Kerwin Medical Center and You

What We Do 

Dr. Kerwin and her team at Kerwin Medical Center are united around a common cause – finding the cure for Alzheimer’s disease and all other forms of dementia.  For our patients, this means that Kerwin Medical Center can serve as a bridge between their diagnosis and an opportunity to help discover the cure through clinical research.

We also recognize the need for reliable information about a diagnosis and the clinical research process. If you have any questions about our services or would like more information on how we can serve and support you, please provide your information below, or call us at the number on the bottom of the page.  We want to hear from you.

kind words from past patients

What is a research study?

A research study (also known as a clinical trial) is a medical study that is designed to answer questions about the safety of potential new drugs and to find out how well they work. These studies must be performed before a potential new medication or treatment can be approved for use in patients and sold to the general public.


It is important to test drugs and medical products in the people they are meant to help. It is also important to conduct research in a variety of different people because different people may respond differently to treatments.


For each research study, researchers develop eligibility criteria, such as age, gender, previous treatment history, and other medical conditions. Not everyone who applies for a research study will be accepted. Participants will be selected based on the eligibility criteria and the number of participants needed by the researchers.

Does participating in clinical trials cost me anything?

There is no cost to you or your insurance provider for participating in clinical trials. If you qualify for a study, study-related care would be provided at no cost to you.

Do I need health insurance to participate?

No, health insurance is not required in order to participate.

What is Early Symptomatic Alzheimer’s Disease?

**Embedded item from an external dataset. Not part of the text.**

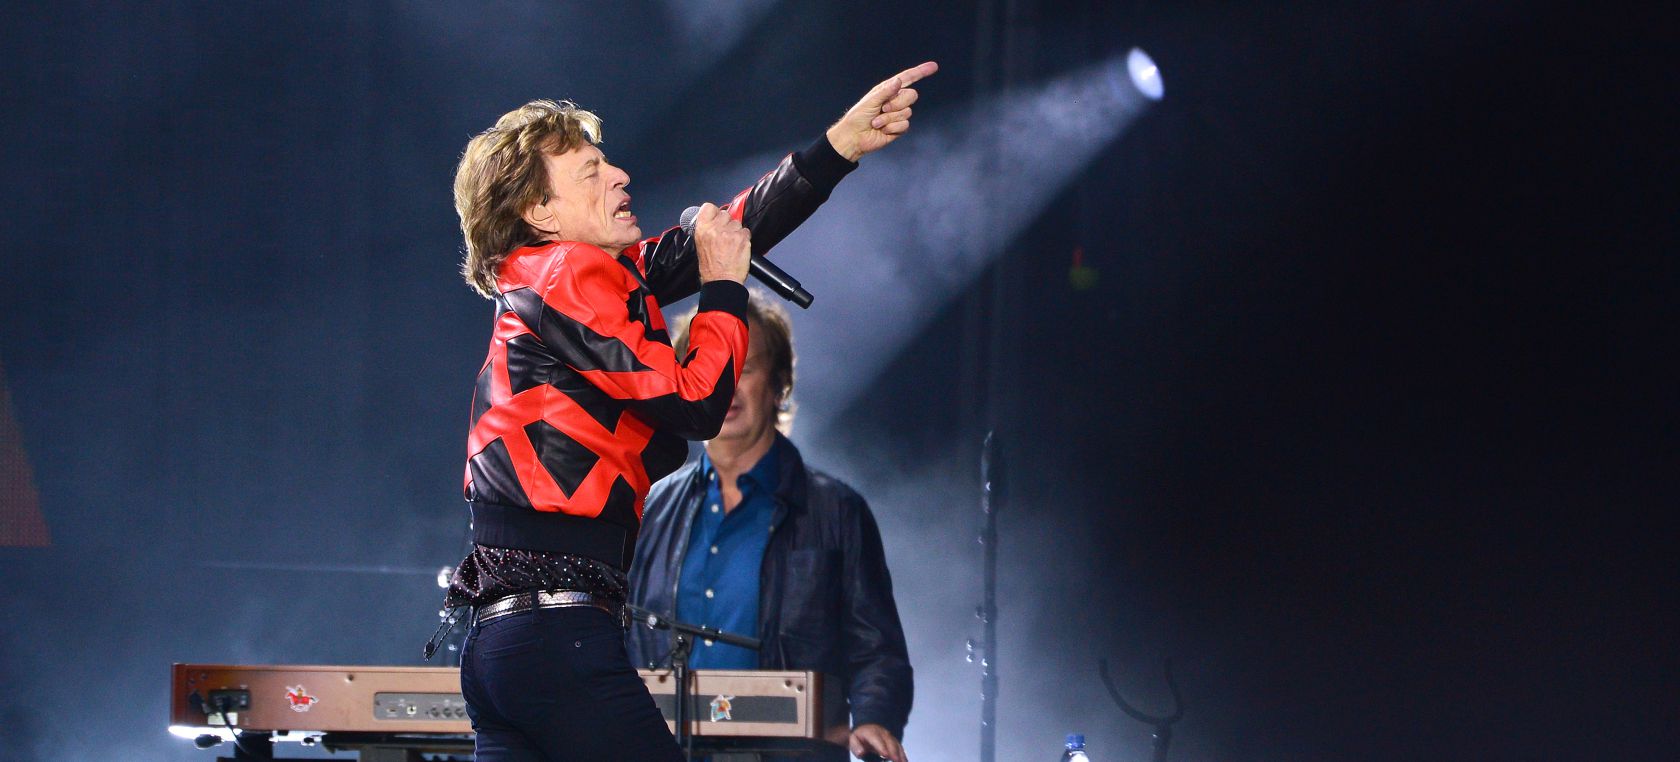 Los Rolling Stones cancelan su próximo concierto por el positivo en covid de Mick Jagger

Early symptomatic Alzheimer’s disease causes a slight but noticeable and measurable decline in cognitive abilities. It involves problems with memory, thinking, language, and judgment skills.


(Source: Alzheimer’s Association )

What are early signs of Alzheimer’s Disease?

Memory loss that disrupts life, challenges in planning or problem solving, difficulty completing familiar tasks, confusion with time or place, difficulty with words in speaking or writing, poor judgement and more.


(Source: )

What is a placebo and would I possibly get a placebo?

A placebo is a substance with no active drug. In this case, the placebo looks like the investigational drug but does not contain the active ingredient. If you qualify, you will be randomly assigned to either the investigational drug or a placebo. Neither you nor the study staff will know your assignment.

Are there any side effects, risks, or complications with the investigational drug?

If you pre-qualify, a member of our study team can give you information about your concerns.

Will I have to discontinue any current medications?

All clinical trials follow a protocol that includes different criteria. If you pre-qualify for a trial, a member of our study team can give you information.

What is an MRI and will I receive one?

Magnetic resonance imaging (MRI) is a medical imaging technique that uses a magnetic field and computer-generated radio waves to create detailed images of the organs and tissues in your body.


The MRI necessity and frequency is determined by the clinical trial you will be on. This information will be discussed with you when a staff member goes over the informed consent with you.


(Source: )

What is a PET Scan and will I receive one?

A positron emission tomography (PET) scan is an imaging test that helps reveal how your tissues and organs are functioning. A PET scan uses a radioactive drug (tracer) to show the differences in normal and abnormal function.


The PET scan necessity and frequency is determined by the clinical trial you will be on. This information will be discussed with you when a staff member goes over the informed consent with you.


(Source: )

What is a Lumbar Puncture and will I need one?

A lumbar puncture (spinal tap) is performed in your lower back, in the lumbar region. During a lumbar puncture, a needle is inserted between two lumbar bones (vertebrae) to remove a sample of cerebrospinal fluid. This is the fluid that surrounds your brain and spinal cord to protect them from injury.


The lumbar puncture necessity and frequency is determined by the clinical trial you will be on. This information will be discussed with you when a staff member goes over the informed consent with you.


(Source: Lumbar puncture (spinal tap) – Mayo Clinic )

What if I decide I don’t want to participate?

Participation is strictly voluntary. If you agree to participate in the clinical research study, you may stop at any time.

I have never been to your center. What should I expect?

The pre-screen visit is to gather information and to get to know you better. We do ask that the pre-screen packet be completed and brought in to the scheduled appointment visit.


What to expect during the visit:

      • Total visit time is approximately 45 minutes to 1 hour.
      • A prescreen informed consent form will be provided to you for review and all your questions will be answered. Should you consent to proceed, a signature will be obtained by you and a copy of the consent form will be provided to you to take home.
      • Our study team will thoroughly review over the pre-screen packet with you.
      • A short memory screen may be conducted.
      • Request for medical records from your treating provider will be requested.


Your pre-screen evaluation will be reviewed by our study team and you may be matched to a qualifying trial. At that point, you will be connected with the Clinical Research Coordinator that will guide you to the next step.